→ Records to use
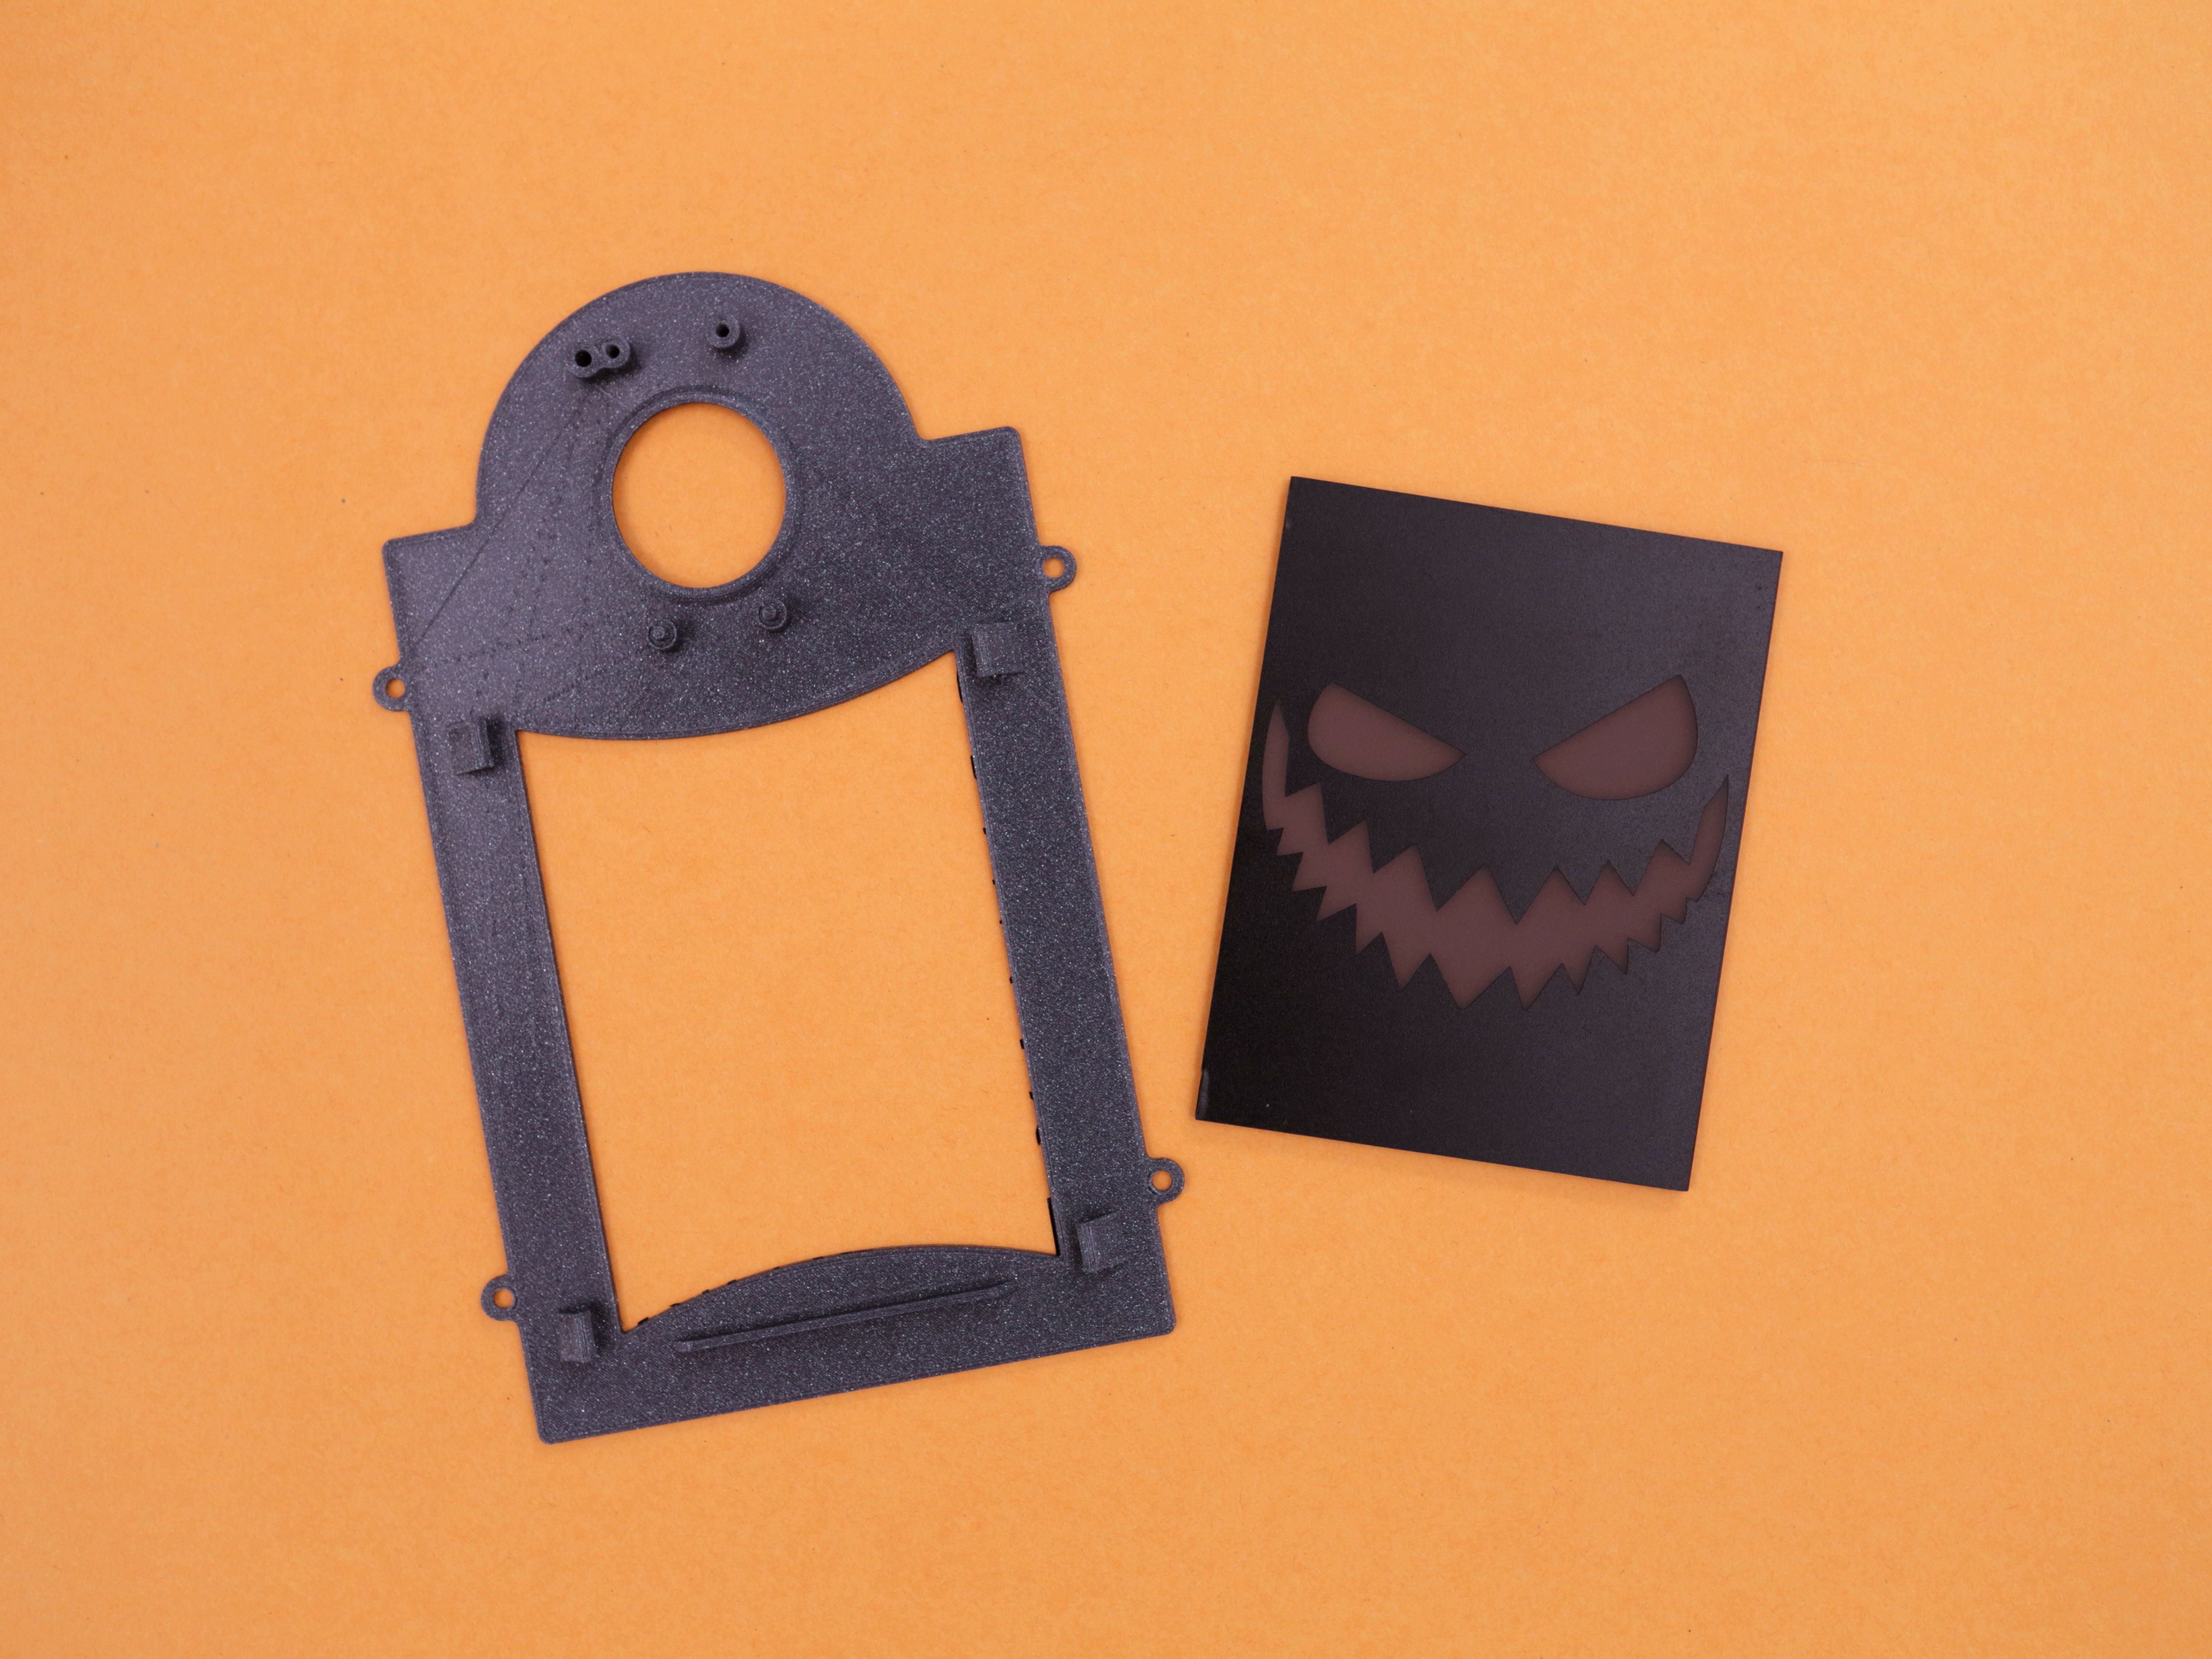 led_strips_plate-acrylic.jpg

...

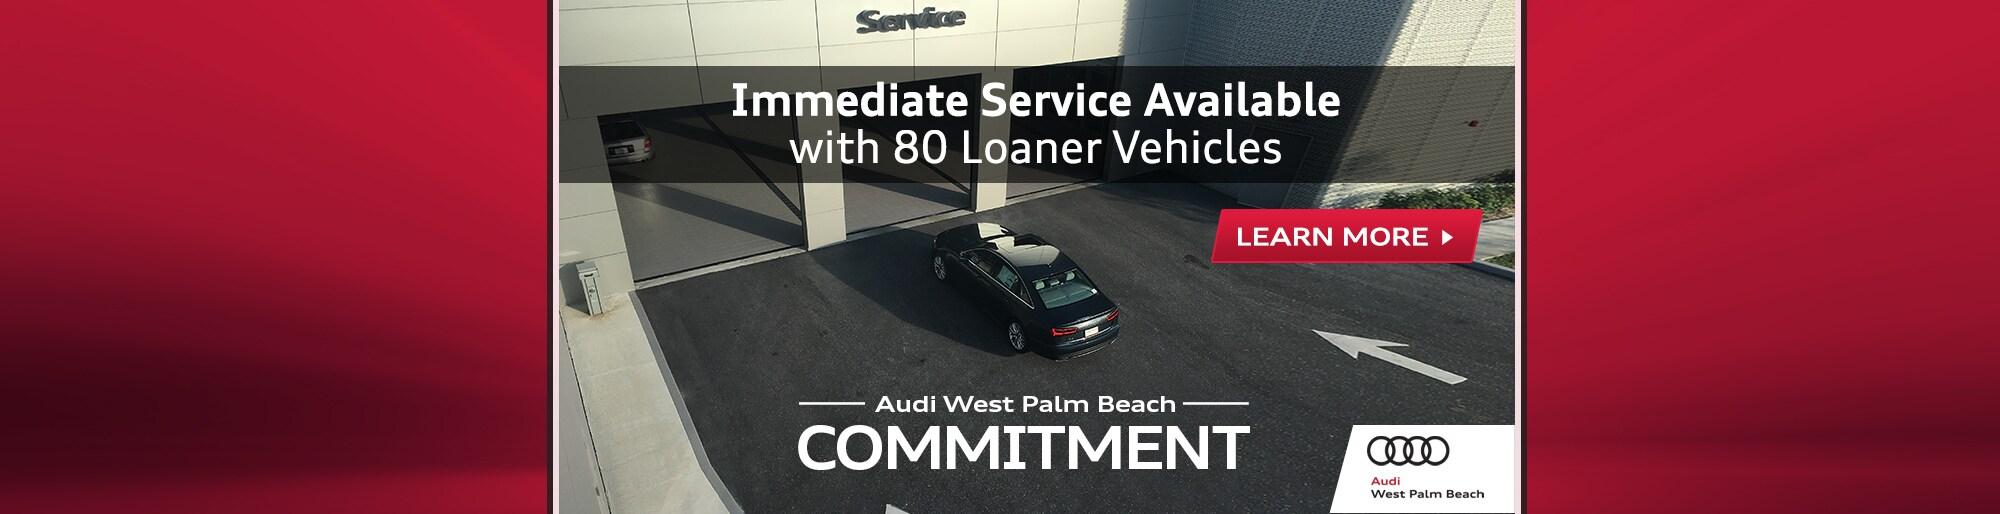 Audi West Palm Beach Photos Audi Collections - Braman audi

==

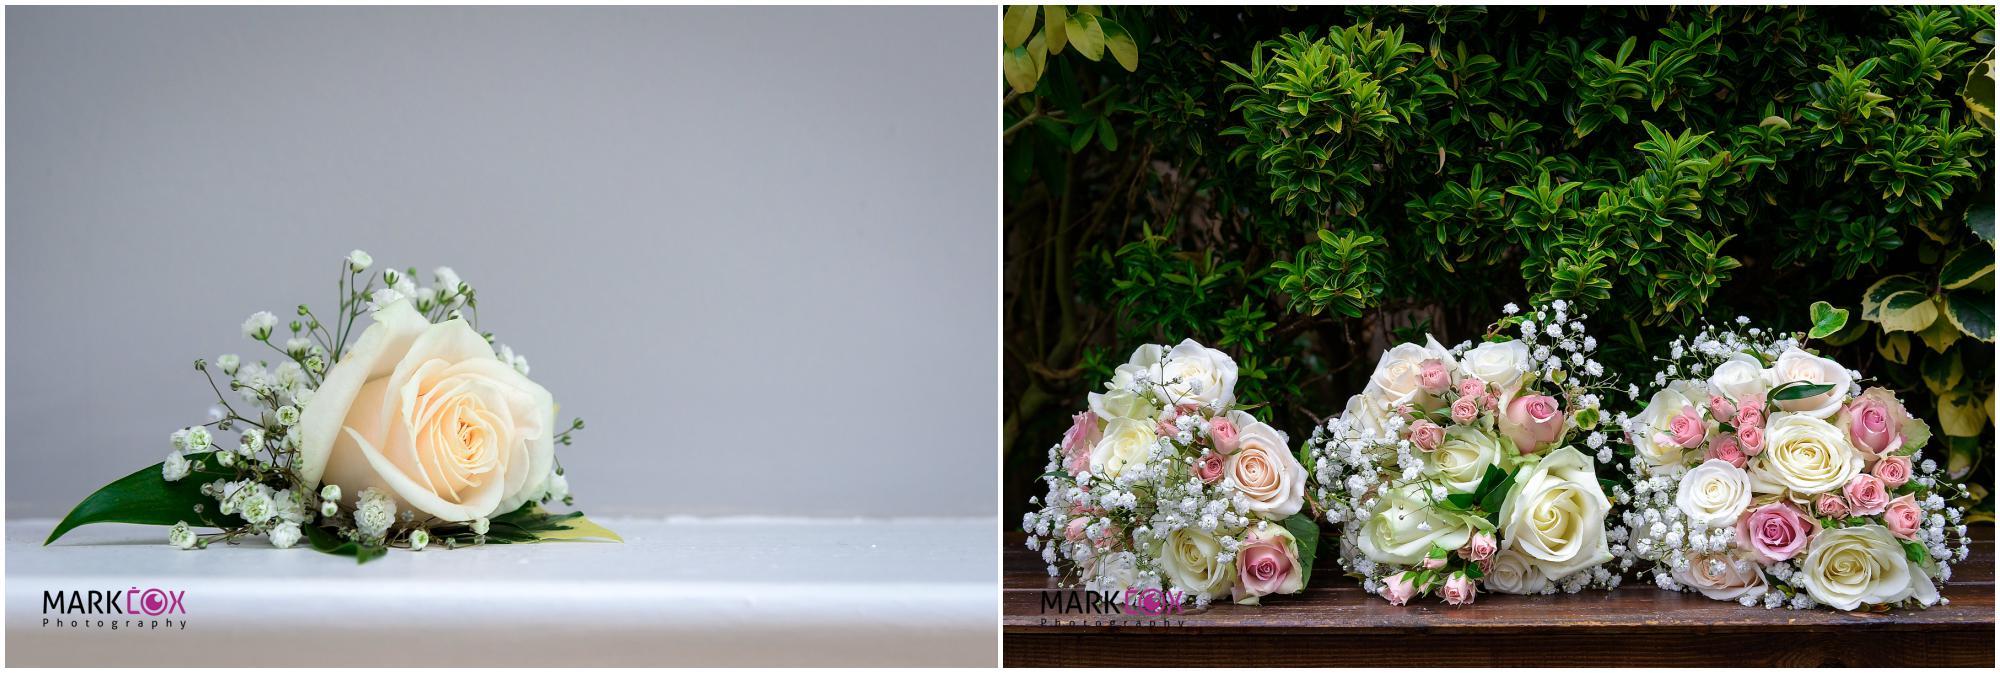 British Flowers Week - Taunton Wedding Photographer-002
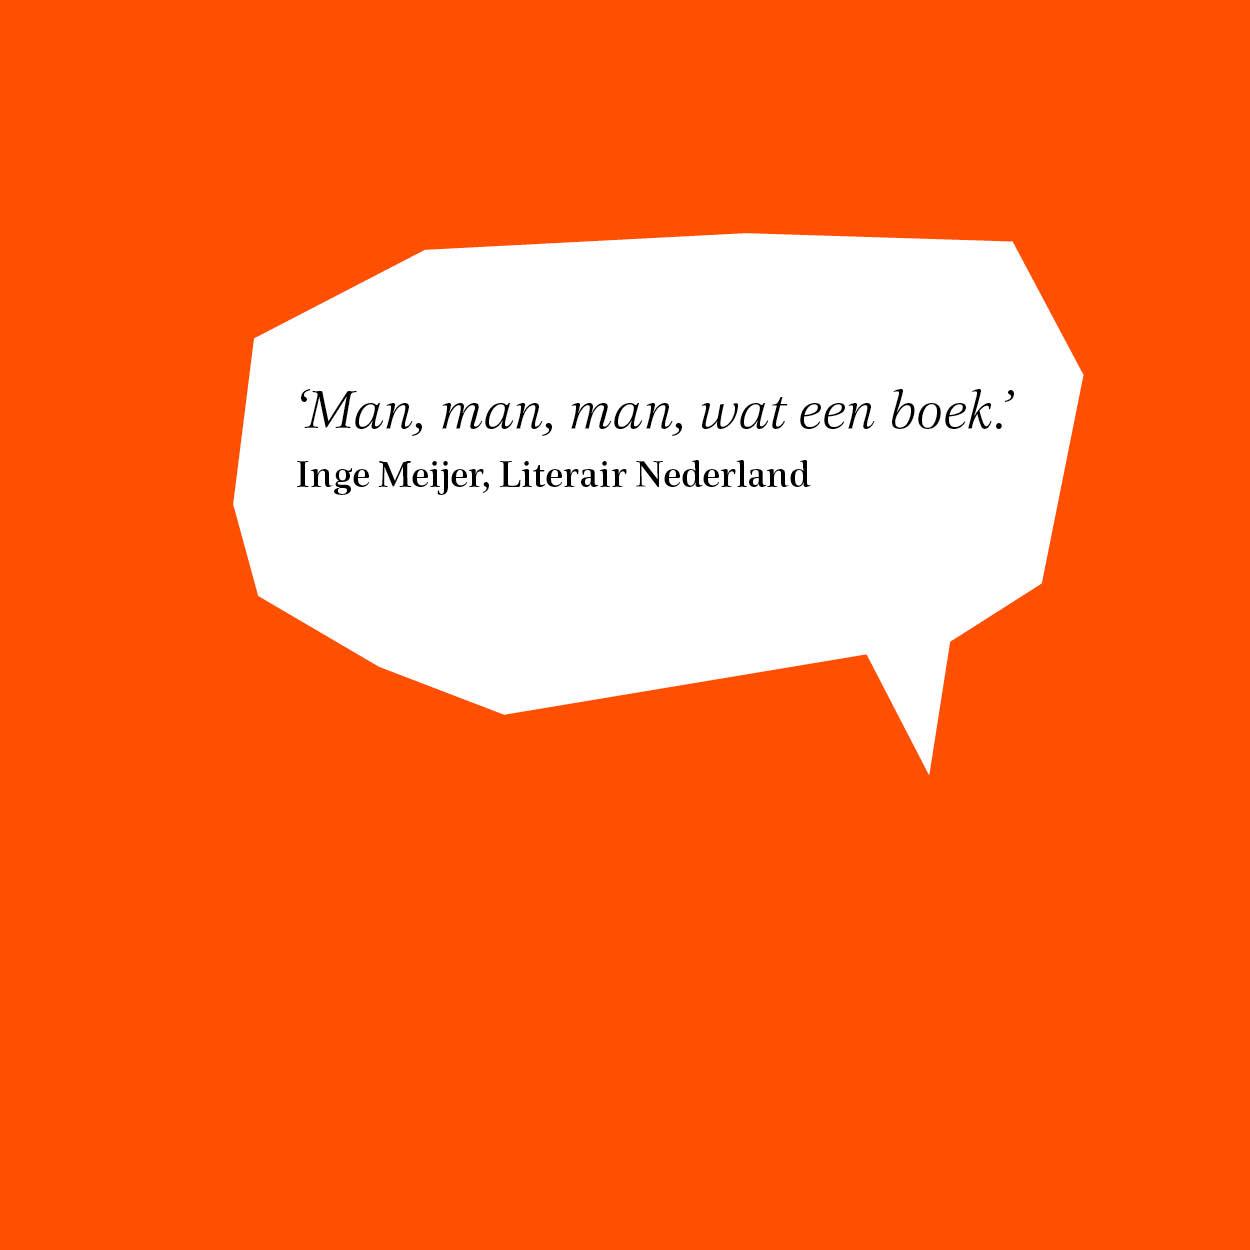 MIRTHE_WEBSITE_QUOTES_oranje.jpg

→ Work required
Using the material above, reproduce only the lines that run from the line with "British Flowers Week" up to and including the line with "MIRTHE_WEBSITE_QUOTES_oranje.jpg", exactly, with the pictures dropped.

→ Task response
 British Flowers Week - Taunton Wedding Photographer-002
 MIRTHE_WEBSITE_QUOTES_oranje.jpg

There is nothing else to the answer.